Robotics cohort latest disclosed valuations, 2024 to 2026

Capital concentration by cohort across the named robotics labs

Two patterns stand out. First, the Insurgent valuation ladder is unusually steep even by frontier-AI standards: the top three names (Figure AI, Project Prometheus, Anduril) together exceed the next seven combined, and all three crossed $30 billion within an 18-month window. Second, the cohort totals rebalance the public framing. Humanoid Insurgents dominate the press cycle but the foundation-model bucket already concentrates more aggregate capital per company on average than humanoids do once Figure is set aside, and the defense-autonomy cohort is structurally larger than the entire foundation-model bucket combined.

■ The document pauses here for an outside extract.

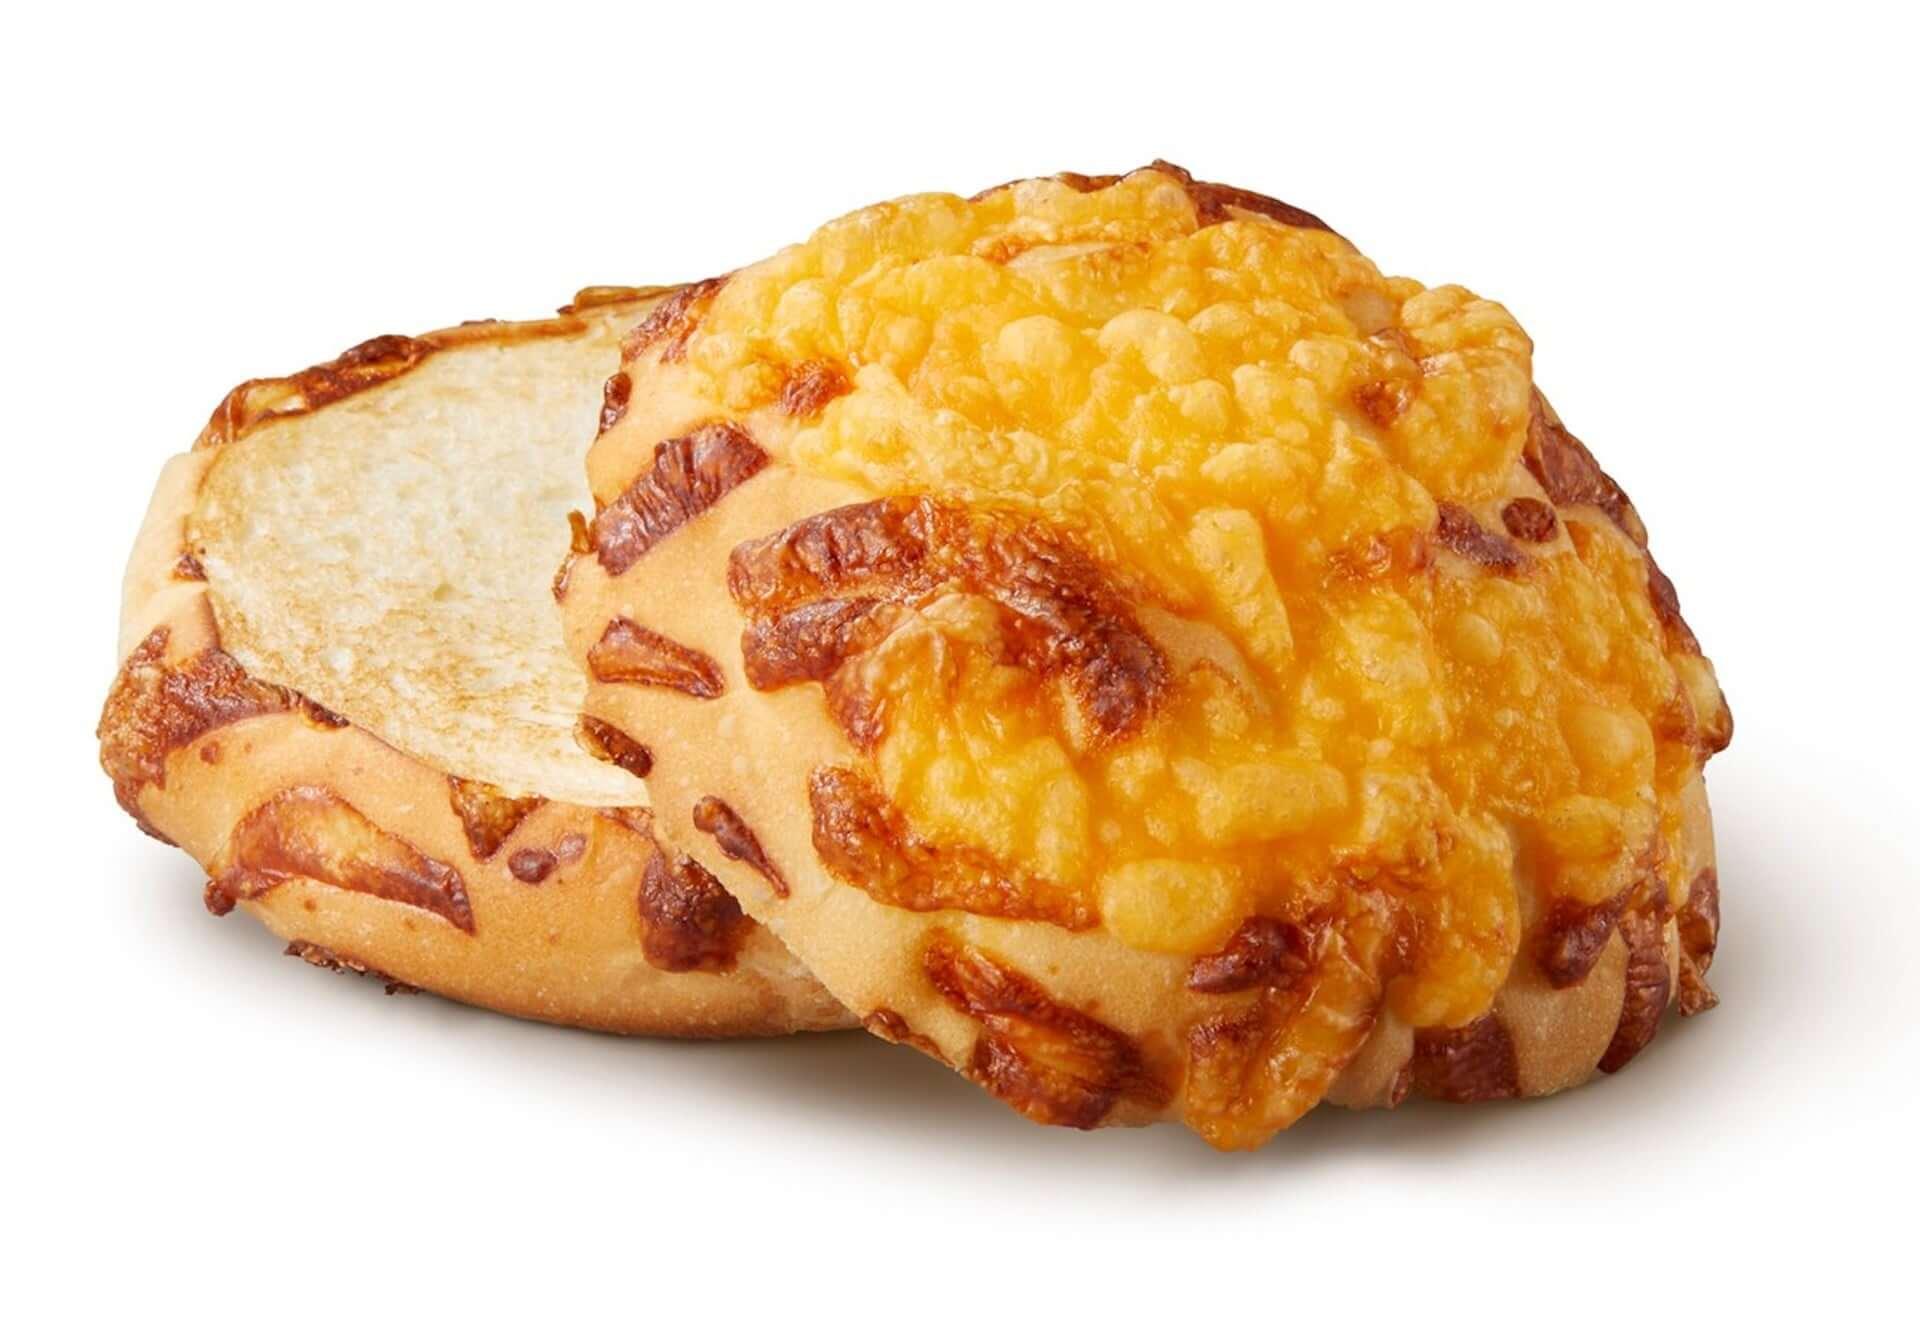 バーガーキングが4種のチーズ香る「チーズバンズ」を新開発!『チーズアグリービーフバーガー』が期間限定で販売決定 gourmet200910_burgerking_3-1920x1338

The model-and-data layer has not yet caught up to the hardware layer in headline dollar terms, but the trajectory through 2026 to 2027 is the inversion the rest of this essay traces.

The geographic split is also distinctive. North America dominates on dollars (Figure, Tesla, Boston Dynamics, Physical Intelligence, Skild, Waymo, Zoox, Anduril, Shield AI, Project Prometheus, Apptronik, Agility, NVIDIA Research). Europe contributes the most credible AV2.0 entrant (Wayve, London) and the consumer-humanoid Insurgent (1X, originally Norwegian). Asia owns the incumbents (Honda, Toyota Research Institute, Boston Dynamics under Hyundai) and the Chinese low-cost humanoid cohort (Unitree, Fourier, Agibot, XPeng's humanoid program). The dollar-versus-units gap is enormous: Unitree's G1 humanoid ships at approximately $16,000, an order of magnitude under the $20,000-to-$30,000 NEO consumer pricing 1X has signalled and two orders under what an early commercial Figure 02 unit reportedly costs to build.

The software stack has converged

The most consequential development of the past 18 months is not on the hardware side. It is that almost every credible robotics lab is now building the same four-layer software stack, with implementation differences but not architectural ones.

Layer one is a vision-language-action (VLA) foundation model. This is the system that ingests camera frames and a natural-language instruction and outputs either an executable action sequence or a latent that the policy head decodes into actions. Physical Intelligence's π₀ (Pi-Zero) and the successor π₀.₅ established the recipe: a pretrained vision-language model (PaliGemma in π₀'s case) provides perception and language grounding, and a flow-matching action expert generates high-frequency motor commands at 30 to 50 Hz. Figure AI's Helix, released February 2025 and demonstrated below, is explicitly dual-system: a slower System 2 VLM does scene understanding and intent, and a faster 200 Hz System 1 visuomotor network handles dexterous motion. Google DeepMind's Gemini Robotics 1.5 line follows the same split with an explicit "thinking before acting" trace and an embodied-reasoning sibling model (Gemini Robotics-ER 1.5) for spatial planning. NVIDIA's open-weights Isaac GR00T N1.5 packages a diffusion-transformer action head on a VLM backbone. Skild AI's Skild Brain is the cross-platform variant of the same architecture, trained to operate across humanoids, quadrupeds, and manipulators from a single set of weights.

The architectural consensus is the dual-system VLA. The disagreement is about what to put in the action head (flow matching, diffusion, or autoregressive token prediction), how much sim and how much real teleop to train on, and whether the perception backbone is open-weights (NVIDIA's bet) or closed (Figure, DeepMind, Physical Intelligence's most recent releases).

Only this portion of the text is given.